Intro

This blog post focuses on the paper Generalization and Equilibrium in Generative Adversarial Nets (GANs) and focuses on the concept of generalization with applications to GANs. The paper introduces the concept of generalization and the fact that the GAN model does not perform good generalization. The paper introduces a new type of distance measure to better calculate the generalization factor. The paper subsequently comes up within a new model called the MIX-GAN which focuses on demonstrating the importance of generalization when it comes to GAN training. The paper aims to help reader’s understand the purpose of the GAN model and how the model can be improved through the implementation of generalization while training the GAN.




Background

GANs were first introduced by Goodfellow et al. 2014 and the Goodfellow GAN can be described as follows:
GANs are type of generative model used to come up with images or other samples to imitate real life samples. In more detail, the objective of the GAN when it comes to training a generator deep net whose input is a standard Gaussian, and whose output is a sample from some real distribution.

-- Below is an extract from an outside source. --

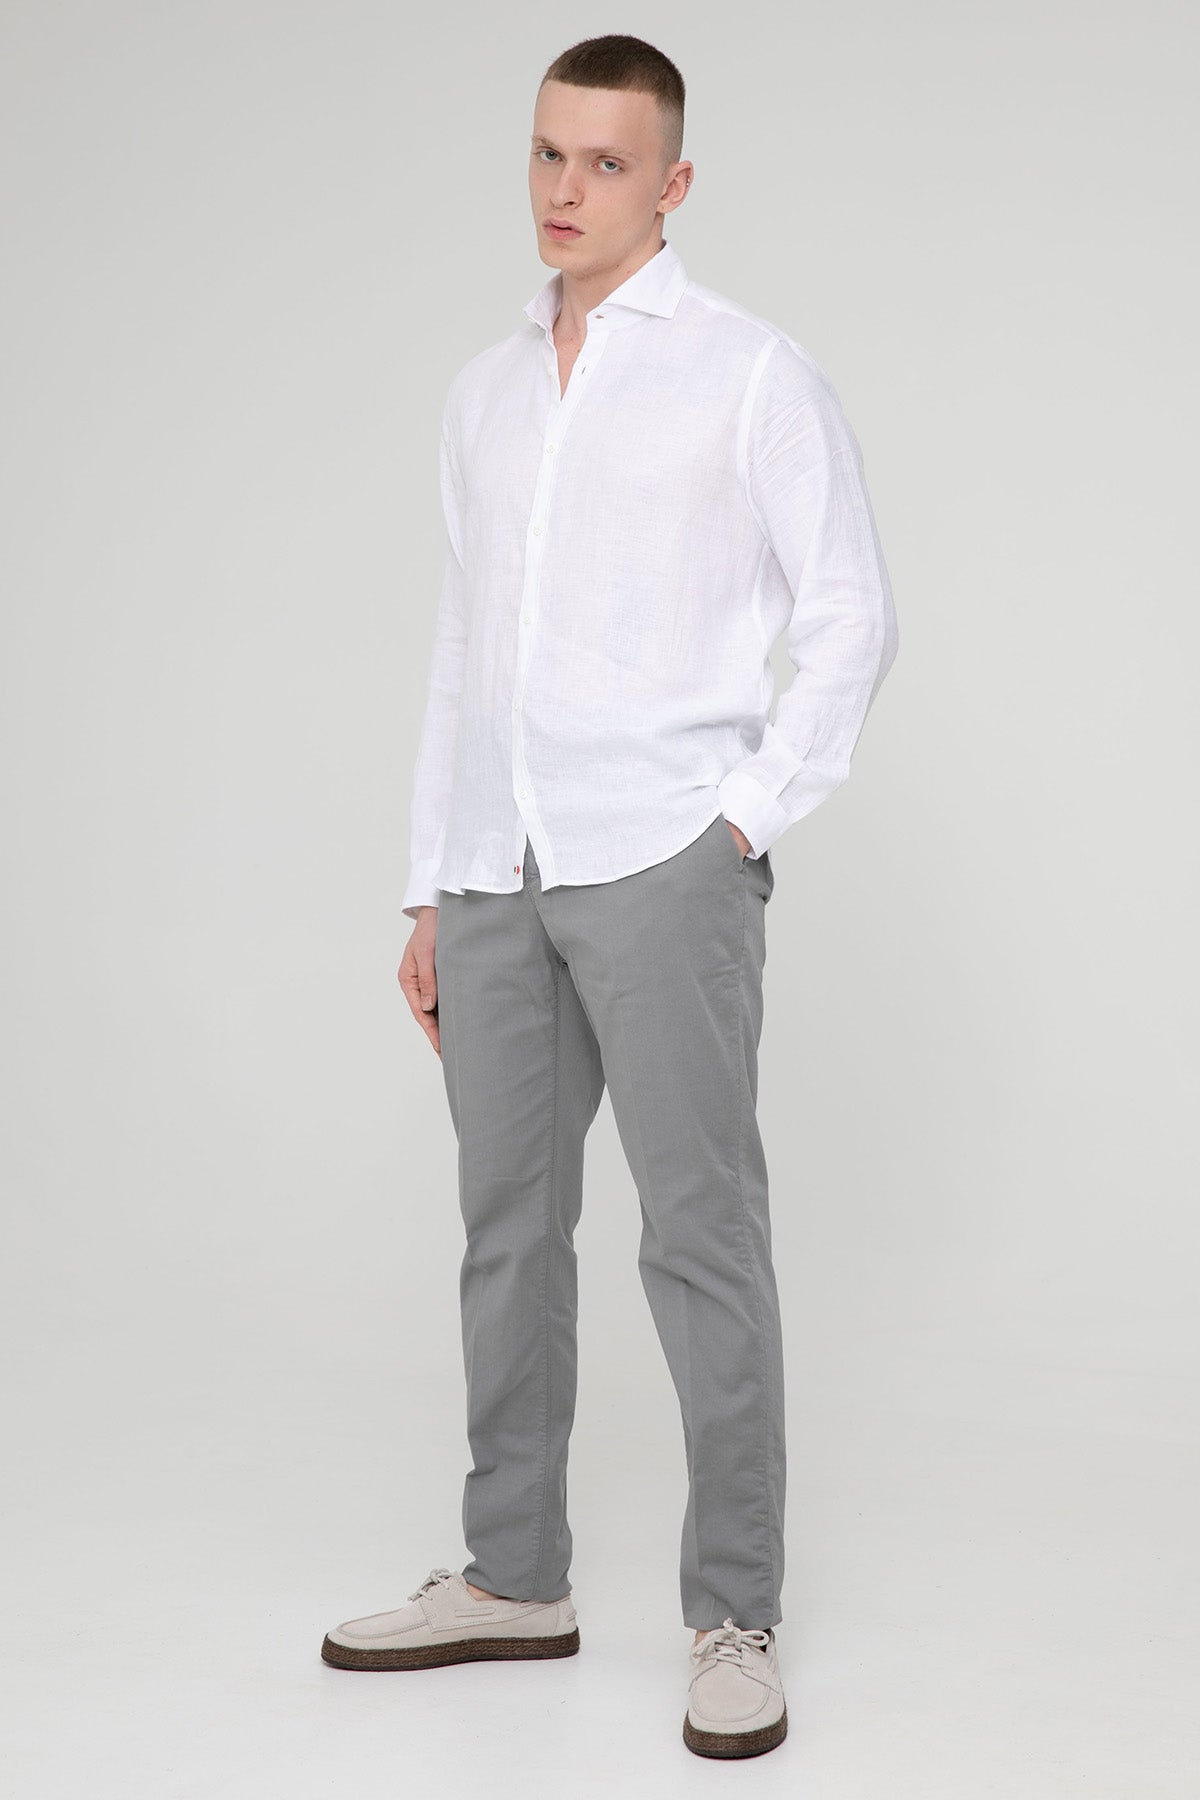 Richard J. Brown Malindi Yandan Cepli Pantolon-Libas Trendy Fashion Store

GANs work by comparing two distributions, as mentioned above, where the generator net part of the GAN attempts to “fool” the discriminator function into thinking that the generated image is a real image. This dual system is trained through backpropagation of the result from the discriminator that feeds into the generator. Thus the relationship between the generator and the discriminator can be thought of as a game between two players solving a min max scenario. This concept is further explored within the paper. The min max game is critical to understanding GANs and how they are trained.



GAN training equation

(traditional GAN training objective from Goodfellow 2014)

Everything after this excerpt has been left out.